China showcases Xinjiang’s economy to fight rights criticism

BEIJING (AP) — China is showcasing economic development in its northwestern Xinjiang region to fight allegations of human rights abuses there.

The region’s government organized an international Zoom call featuring numerous testimonials from Muslim ethnic minorities native to Xinjiang. More than 1 million people have been held in a vast system of prison-like detention centers as part of a drive for cultural and political assimilation that the U.S. and some other Western governments have described as genocide.

China says the system is intended to deradicalize those influenced by jihadist ideology and teach job skills, and has fought accusations of human rights abuses by pointing to social stability and economic development in the vast region. In past years, hundreds were killed in attacks blamed on Islamist radicals, sparking a massive security clampdown.

The government has held near-weekly news conferences in Beijing and organized visits to Xinjiang by diplomats and journalists to counter accusations of political persecution, birth control imposed on Muslim women and forced labor, among other abuses.
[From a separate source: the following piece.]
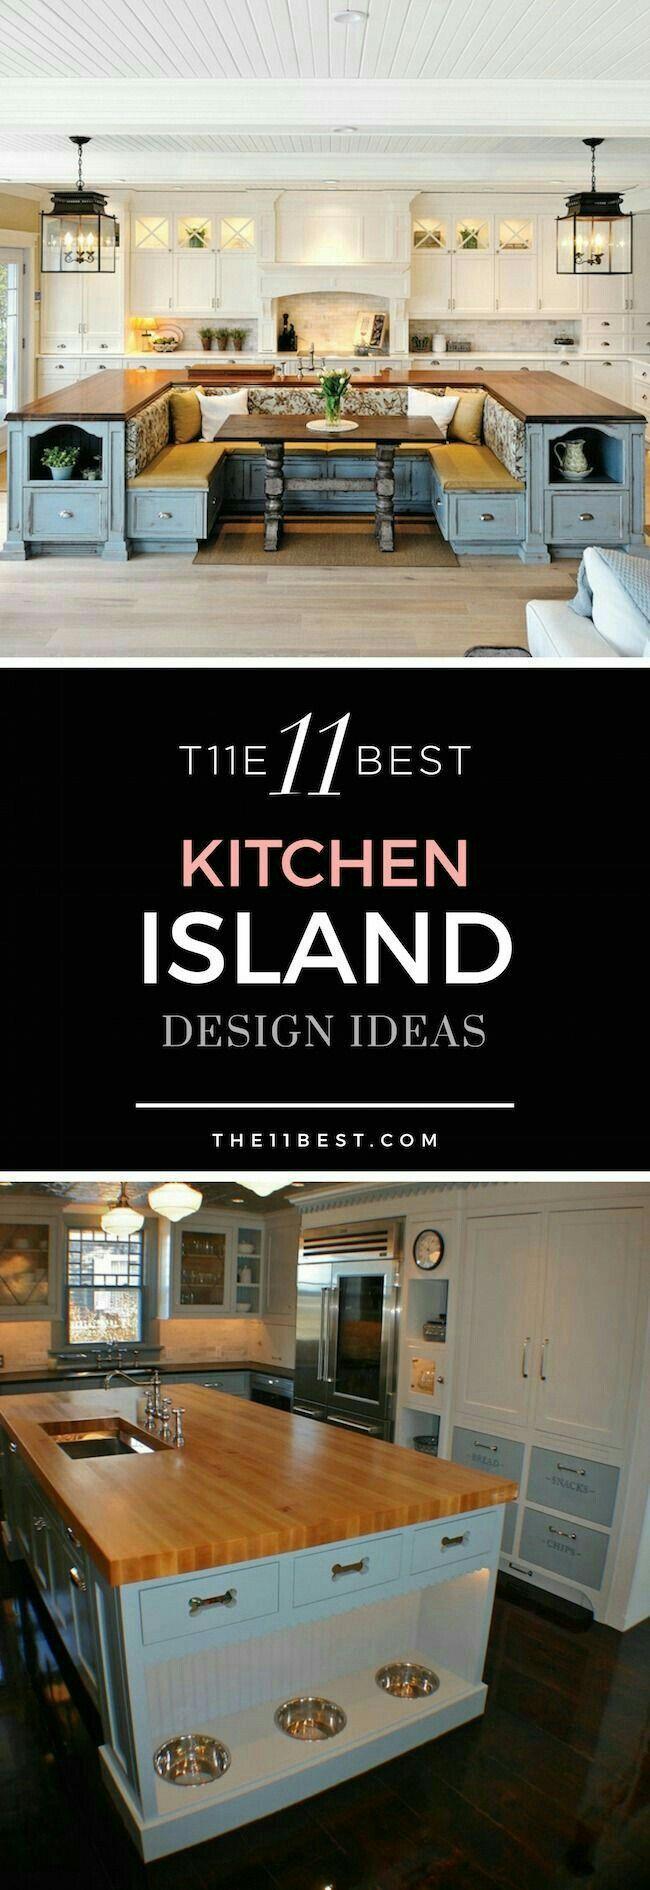 569 besten Home Bilder auf Pinterest | Wohnideen, Bemalte möbel und ...

Uyghurs and other minorities are generally seen as benefiting less from the region’s economic development than members of China’s dominant Han ethnic group who have flooded into the region over recent decades.

Wednesday’s Zoom call, which linked the regional capital of Urumqi with China’s mission to the United Nations in Geneva, Switzerland, showed how Beijing is stepping up its efforts to put its case before a global audience. Along with the testimonials and presentations by Chinese officials, foreign diplomats from allies such as Belarus and Pakistan also offered endorsements of Chinese policy.

China’s representative in Geneva, Chen Xu, repeated Beijing’s assertation that accusations over its Xinjiang policies were lies concocted to smear China’s image, obscure Xinjiang’s development and “attempt to restrain China’s developments.”

Such attempts are “doomed to failure,” Chen and other officials said during the call.

The new push comes days before a “people’s tribunal” is to open in Britain on allegations of genocide against Uyghurs and other Turkic Muslim people in Xinjiang.

The tribunal is expected to draw dozens of witnesses, although it has no government backing. China has denounced it as a “violation of international law and order.”

The hearings are to be chaired by prominent lawyer Geoffrey Nice, who led the prosecution of ex-Serbian President Slobodan Milosevic and worked with the International Criminal Court.

While the tribunal’s judgment is not binding on any government, organizers hope the process of publicly laying out evidence will compel international action on the alleged abuses.